Equilife Laboratories Private Limited

Clarithromycin EP Impurity G  is chemically 6-O-Methylerythromycin A (E)-9-(O-methyloxime) (as per EP). It is also known as Clarithromycin (9E)-O-Methyloxime ; 6-O-Methylerythromycin A (E)-9-(O-methyloxime) ;. Clarithromycin EP Impurity G  is supplied with detailed characterization data compliant with regulatory guideline. Clarithromycin EP Impurity G  can be used for the analytical method development, method validation (AMV), Quality Controlled (QC) application for Abbreviated New Drug Application (ANDA) or during commercial production of Clarithromycin.

The product can be used as reference standards and further traceability against pharmacopeial standards (USP or EP) can be provided based on feasibility.

Clarithromycin EP Impurity F is chemically 6,12-di-O-methylerythromycin A (as per EP). It is also known as 12-O-Methyl Clarithromycin ; 6,12-Di-O-methylerythromycin A ;. Clarithromycin EP Impurity F is supplied with detailed characterization data compliant with regulatory guideline. Clarithromycin EP Impurity F can be used for the analytical method development, method validation (AMV), Quality Controlled (QC) application for Abbreviated New Drug Application (ANDA) or during commercial production of Clarithromycin.

The product can be used as reference standards and further traceability against pharmacopeial standards (USP or EP) can be provided based on feasibility.

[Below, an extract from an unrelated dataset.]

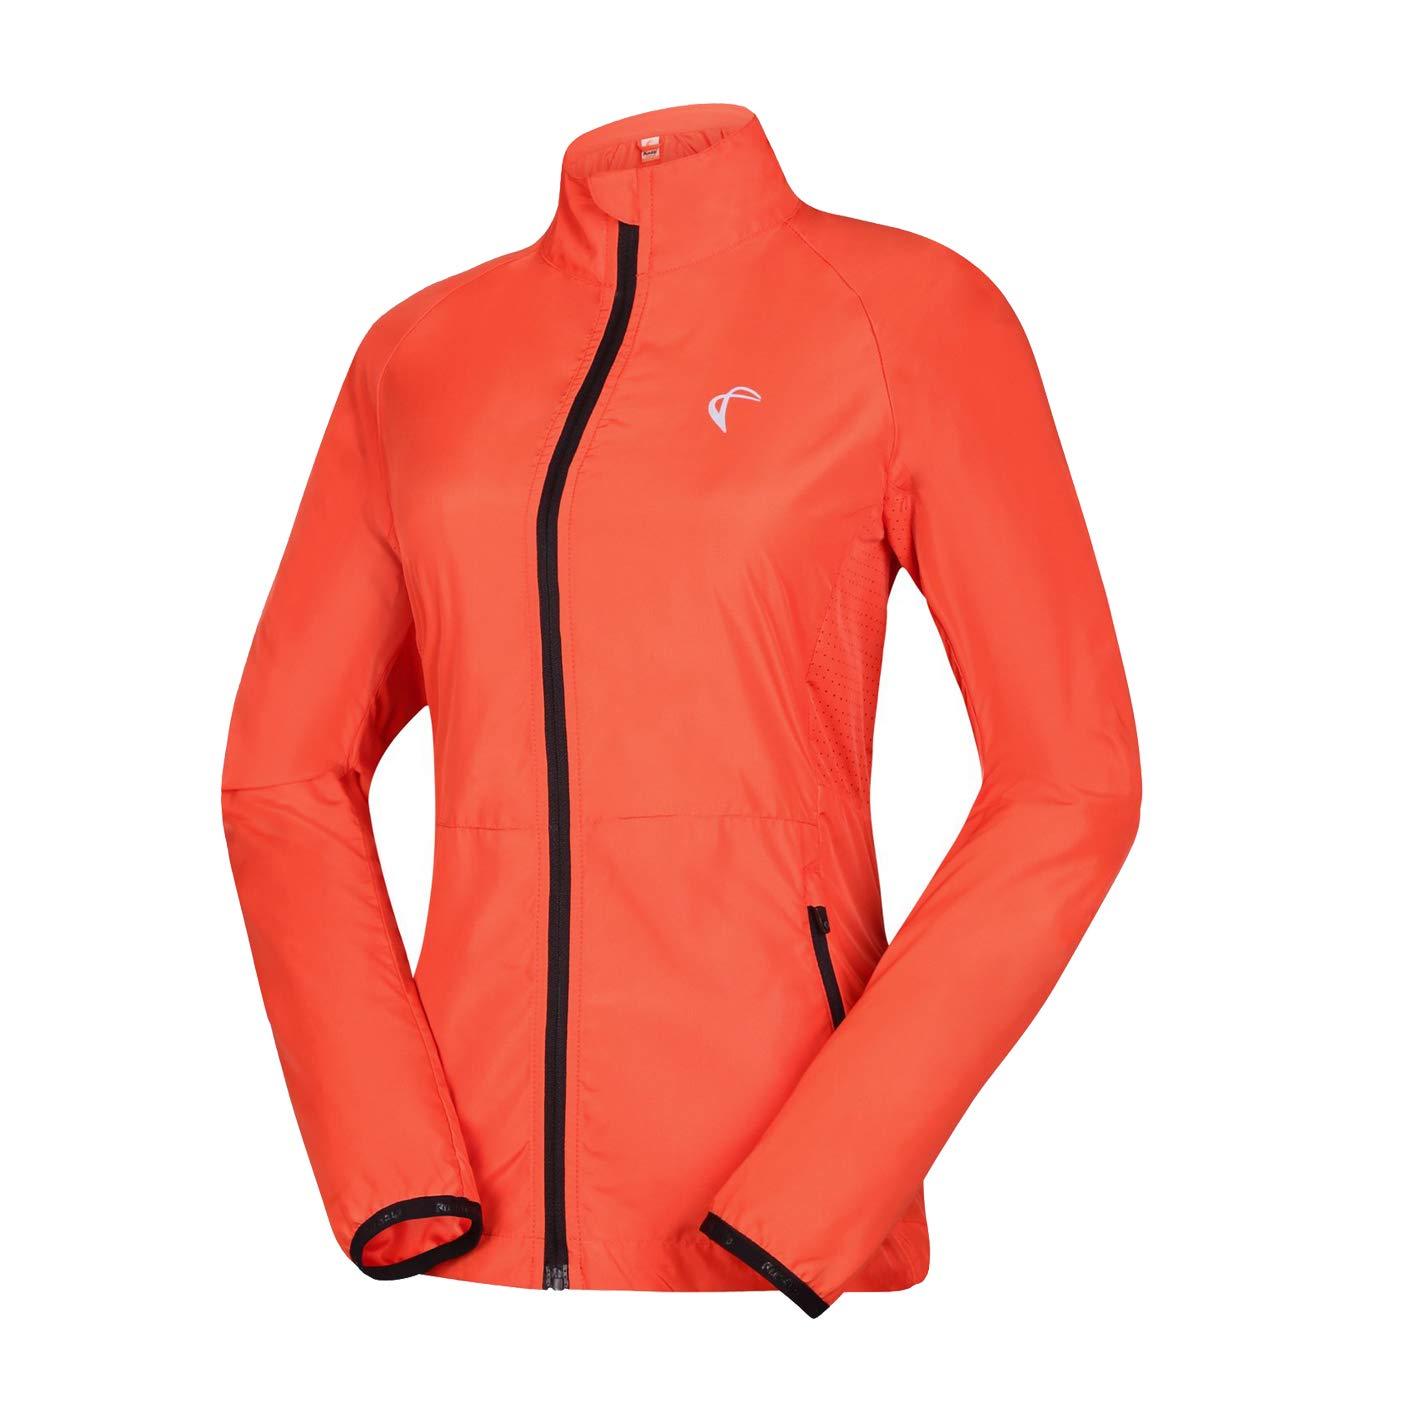 J.CARP Women's Packable Windbreaker Jacket, Super Lightweight and Visible, Outdoor Active Cycling Running Skin Coat, Orange M by J.CARP
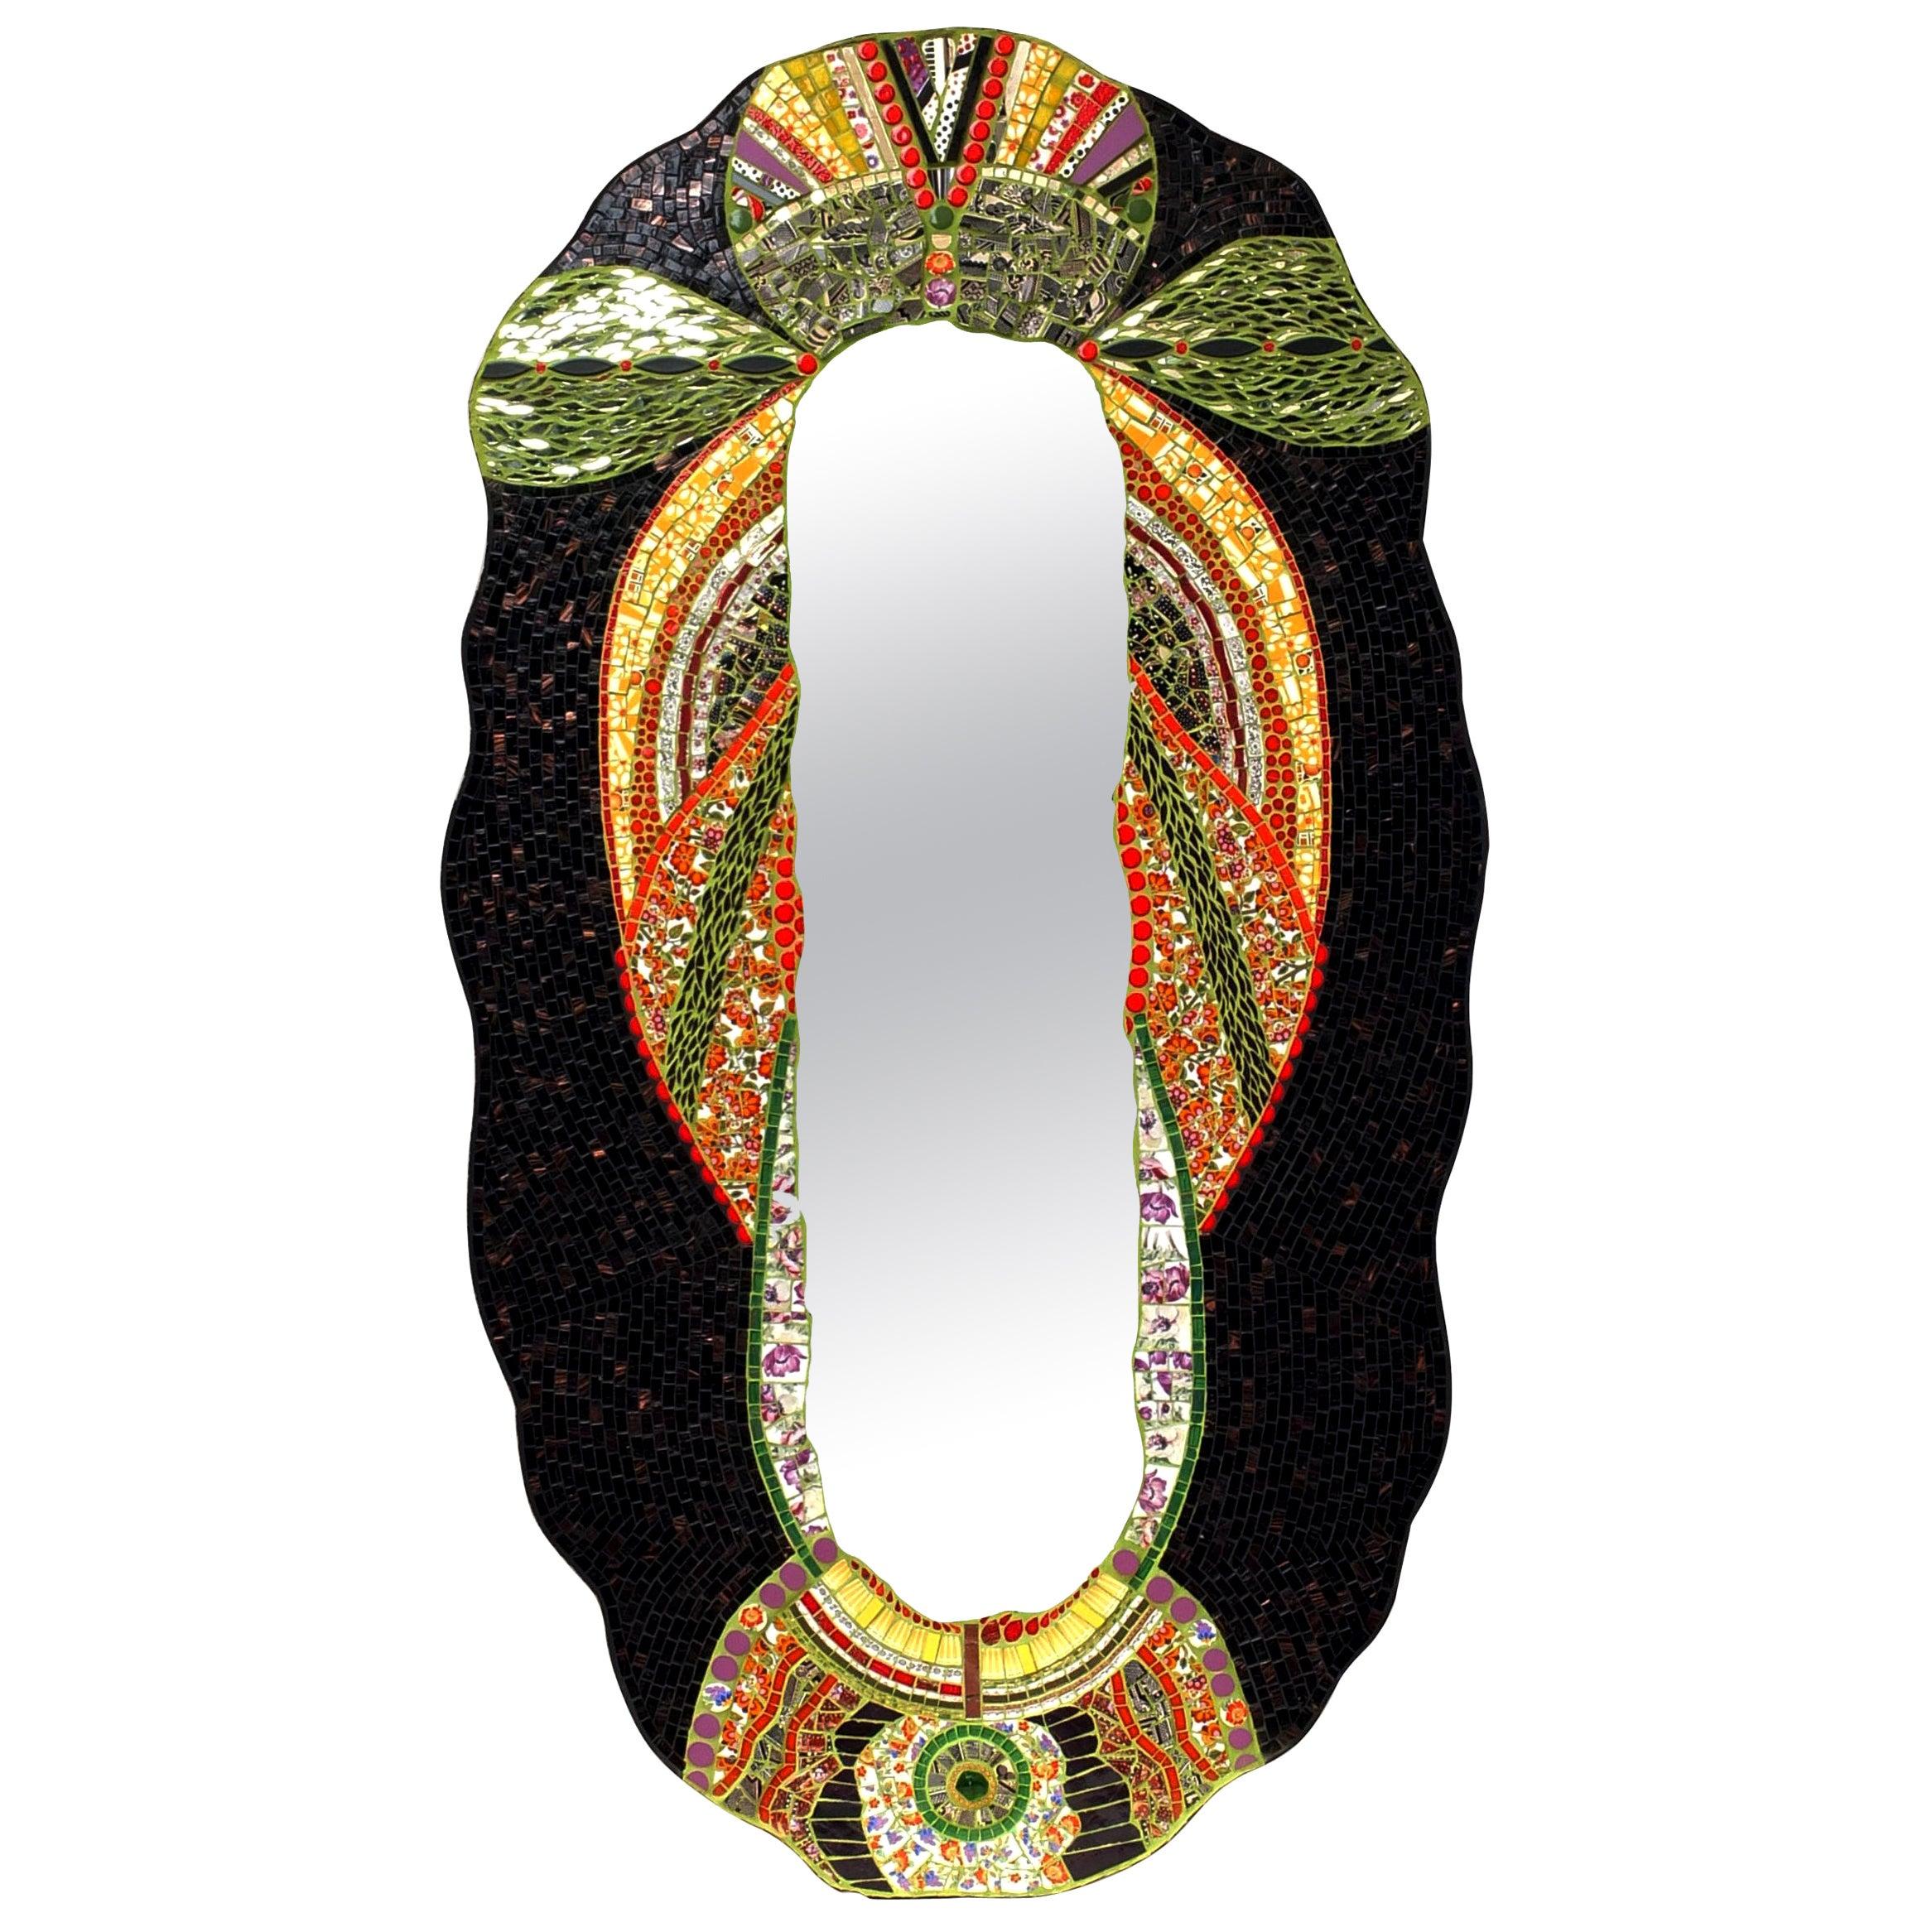 Mosaic Art Deco Style Mirror, France

Clarithromycin EP Impurity D is chemically 3″-N-demethyl-6-O-methylerythromycin A (as per EP). It is also known as N-Desmethyl Clarithromycin ; 3″-N-Demethyl-6-O-methylerythromycin A. Clarithromycin EP Impurity D is supplied with detailed characterization data compliant with regulatory guideline. Clarithromycin EP Impurity D can be used for the analytical method development, method validation (AMV), Quality Controlled (QC) application for Abbreviated New Drug Application (ANDA) or during commercial production of Clarithromycin.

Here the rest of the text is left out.